Afganistan’dan sonra ABD’nin işgal hamlesinin adresi Irak’tı. Sahte kanıtlar üzerine oturtulan işgalde, ABD’nin muhafazakâr Cumhuriyetçi Bush yönetimine en büyük desteği veren ise İşçi Partili Blair liderliğindeki İngiliz hükümetiydi. ABD’nin bir anlamda “bitmeyen savaşlarının” perdesi çoktan açılmıştı. “Büyük Ortadoğu Projesi” Washington’da kulislerden çıkıp aleni konuşuluyordu. ABD güçleri bölgeye yığınak üzerine yığınak yapıyor, konuşlanma genişliyordu...
Saddam Hüseyin’in devrilmesiyle birlikte enerji zengini, stratejik konumdaki Irak’ta bölünmüş yapı iyice kendini gösterdi. Afganistan’da barınan El Kaide gibi köktendinci örgütler bölgedeki kaos, istikrarsızlık ortamıyla birlikte Ortadoğu, Afrika’nın kimi bölgelerinde daha geniş etkinlik imkânı buldu.
ÇİN’E ODAKLANMA...
ABD, Obama döneminde Pakistan topraklarında Bin Ladin’i öldüren operesyonu düzenlerken köktendinci El Kaide’nin yeni versiyonları IŞİD şemsiyesi altında toplanıyordu. Batı dünyasında İslamofobi artıyordu. Ancak Bush sonrası Obama döneminde strateji, artık yoğunluklu askeri müdahaleden ziyade iç karışıklıkları alevlendirerek bölgede ABD’nin çok geniş bir konuşlanmaya gerek duymadan, daha küçük varlıkla ama bu kez “vekâlet güçler” aracılığıyla etkinlik sağlama arzusuydu. Tıpkı Suriye’de olduğu gibi. Libya, Mısır’daki gelişmeler de keza...

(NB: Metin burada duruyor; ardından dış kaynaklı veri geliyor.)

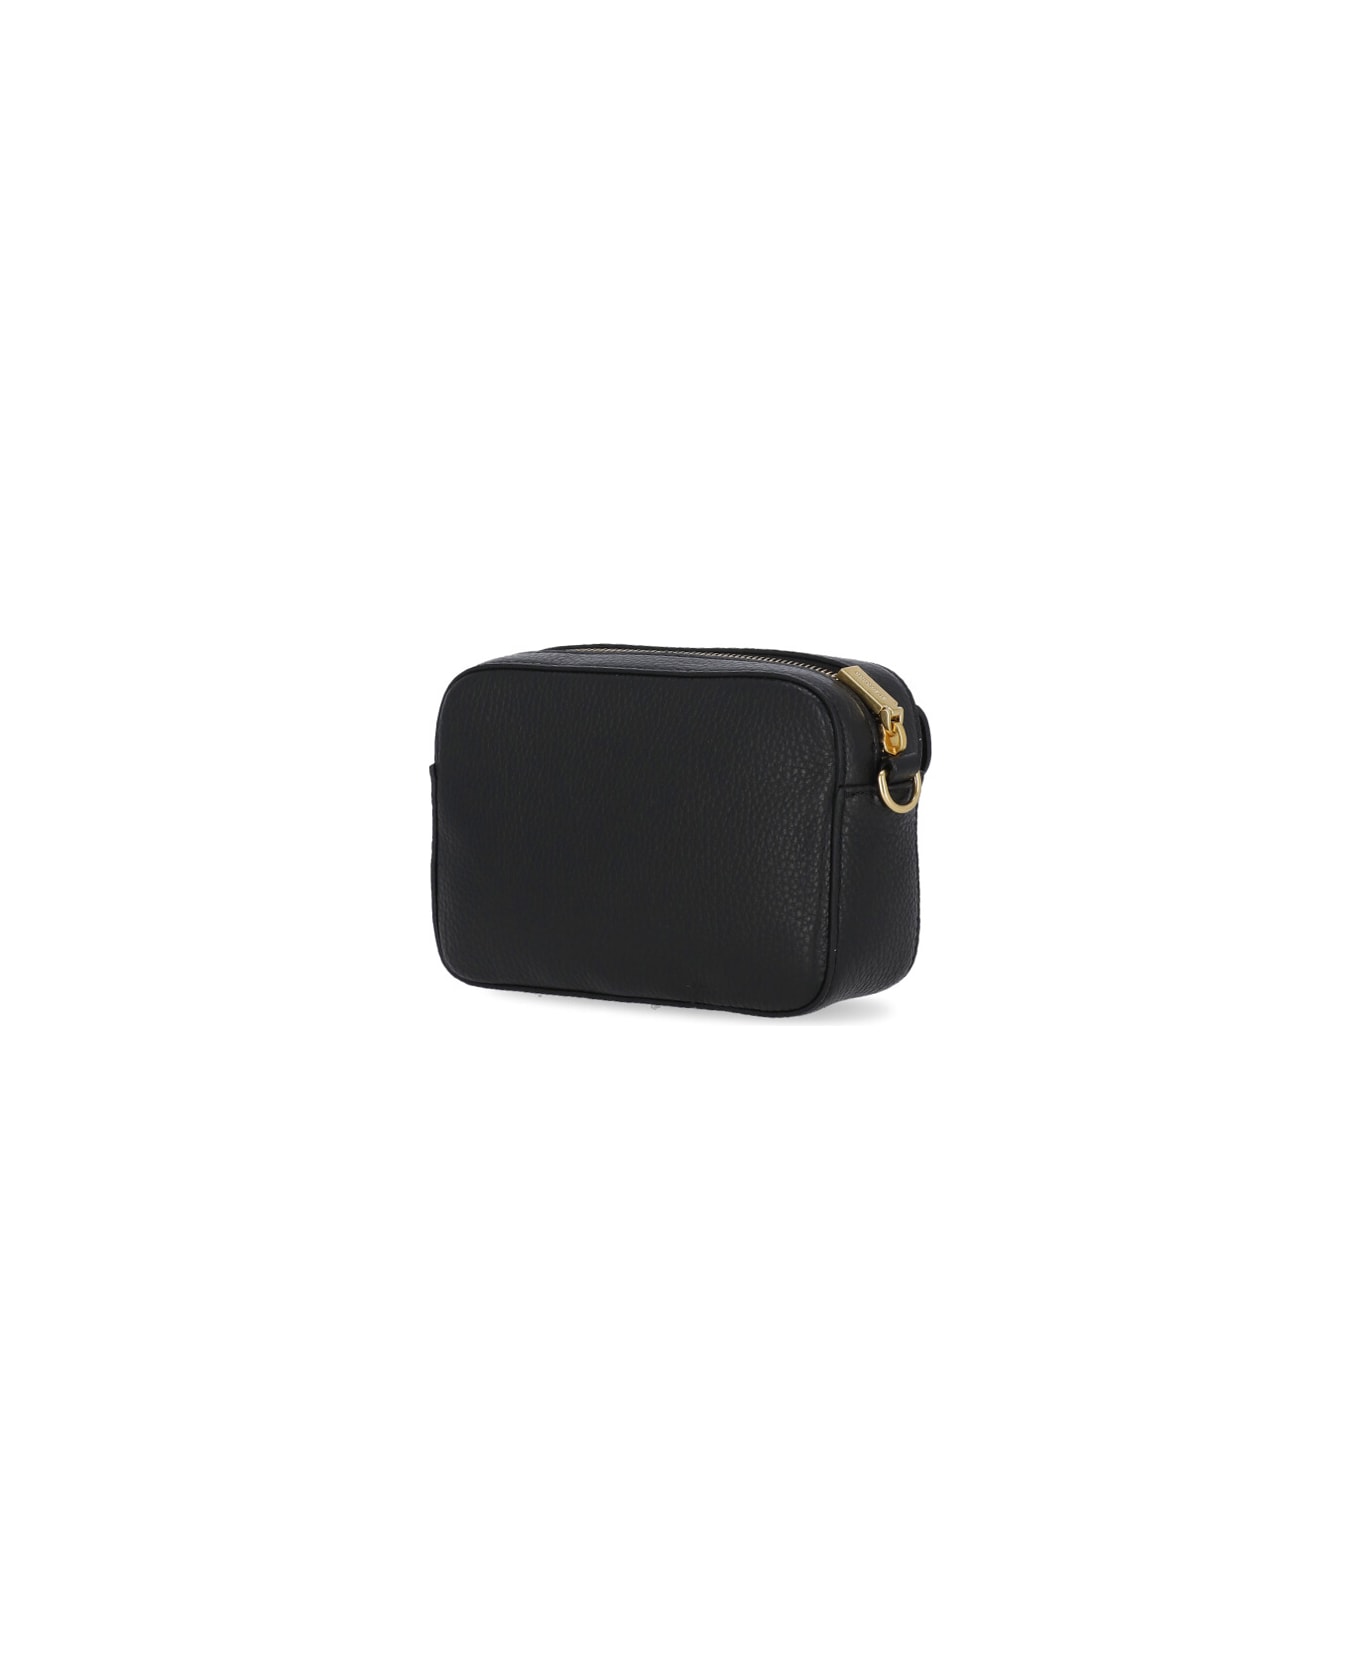 Coccinelle Beat Soft Mini Shoulder Bag - Black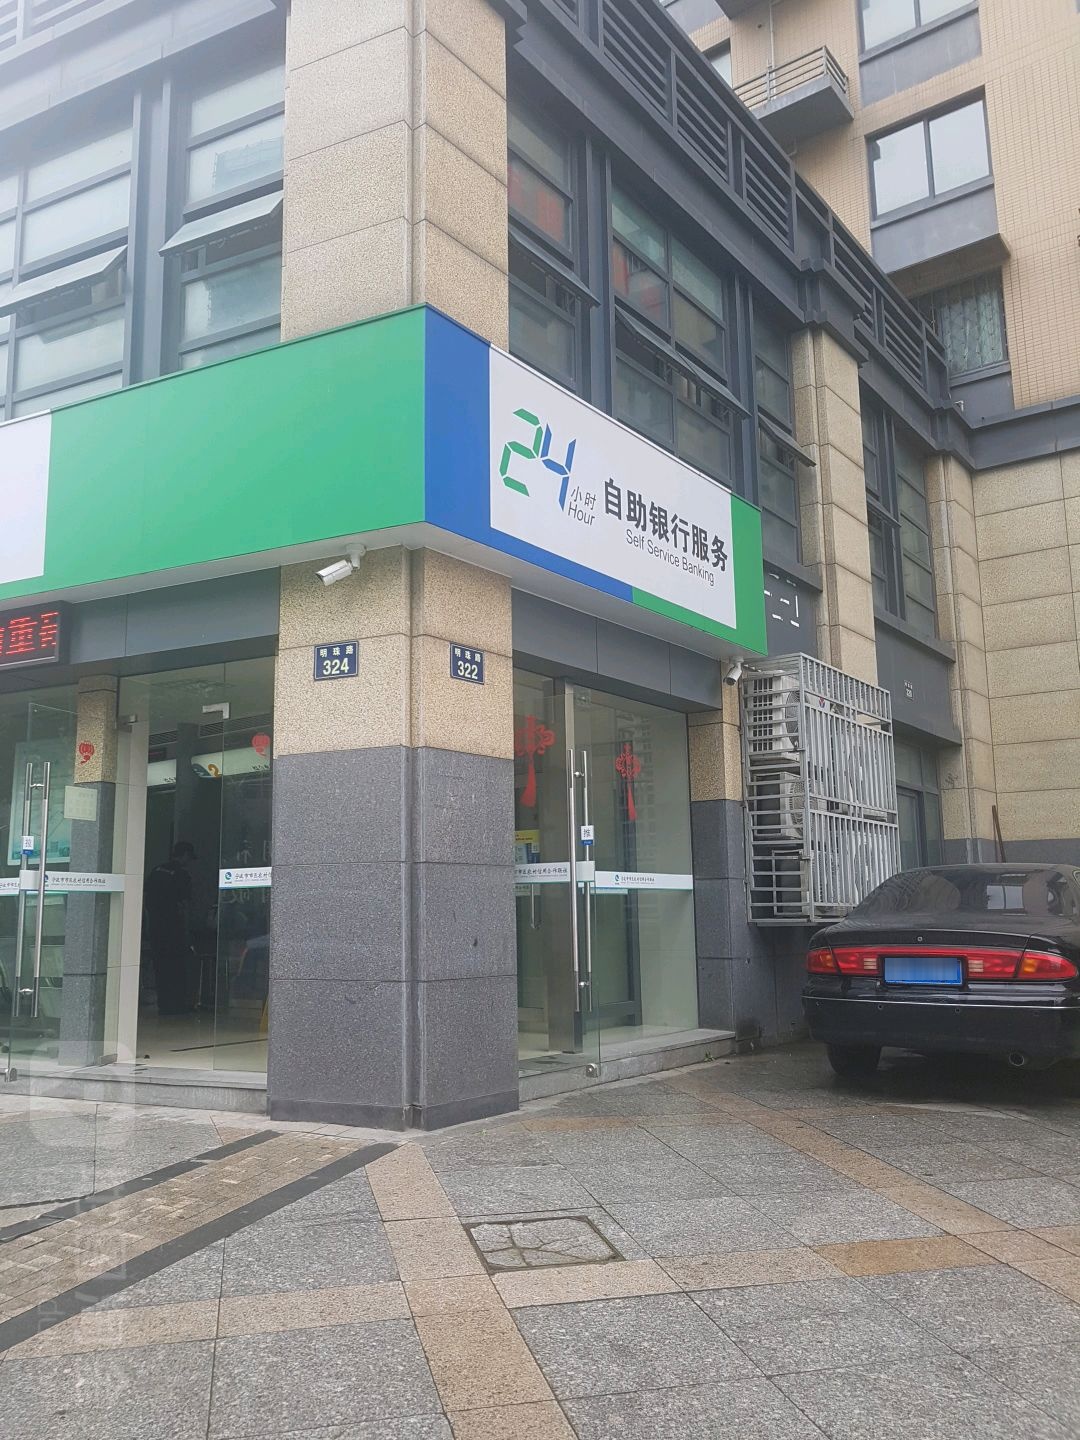 宁波市市区农村信用合作联社24小时自助银行。服务(朱桑分社)

Obama’nın aslında hedeflediği ama tam uygulayamadığı stratejisi Ortadoğu’daki etkinliği askeri olarak azaltarak Çin vurgusuyla Asya-Pasifik’e yönelmekti. Halefi Trump, “Dünyanın jandarması değiliz” diyerek Irak ve Afganistan’dan kısmi çekileceğini duyururken o da Çin’e baskıyı artırıyordu.
ABD’de Obama döneminin Başkan Yardımcısı, şimdiki Beyaz Saray’ın ev sahibi Biden da Trump döneminde başlayan Taliban’la müzakere adımlarına yeşil ışık yaktı. Afganistan’dan, eleştirilerin merkezindeki kaos tablosunda tahliye ve çekilmenin ardından, Washington’ın 20 yıllık Afganistan müdahalesine son veren lider oldu. Onca yıldır yapılan devasa askeri harcamalara işaret etti, El Kaide tehdidinin azaltılmasıyla Afganistan’a müdahale gerekçelerinin artık ortada olmadığına değindi.
ABD’nin bölgeden tam olarak elini eteğini çektiğini söylemek ise zor. Bazı Amerikan basınına yansıyan haberlere göre, CIA üzerinden özellikle insansız hava araçları gibi sistemlerle gerek Ortadoğu gerekse Sahel bölgesinde gizli üslerle varlığını sürdürme peşinde... Washington’ın küresel güç mücadelesinde girdiği bu savaşlarda galip çıkamadığı ya da teknoloji, uzay çağıyla birlikte daha farklı bir dünyaya hazırlık da olmak üzere içine kapanarak güç toplama hedefinde olduğu yönündeki tartışmalar süredursun Washington’ın gelecek dönem stratejisinin merkezinde Pekin’le rekabet olduğu ortada.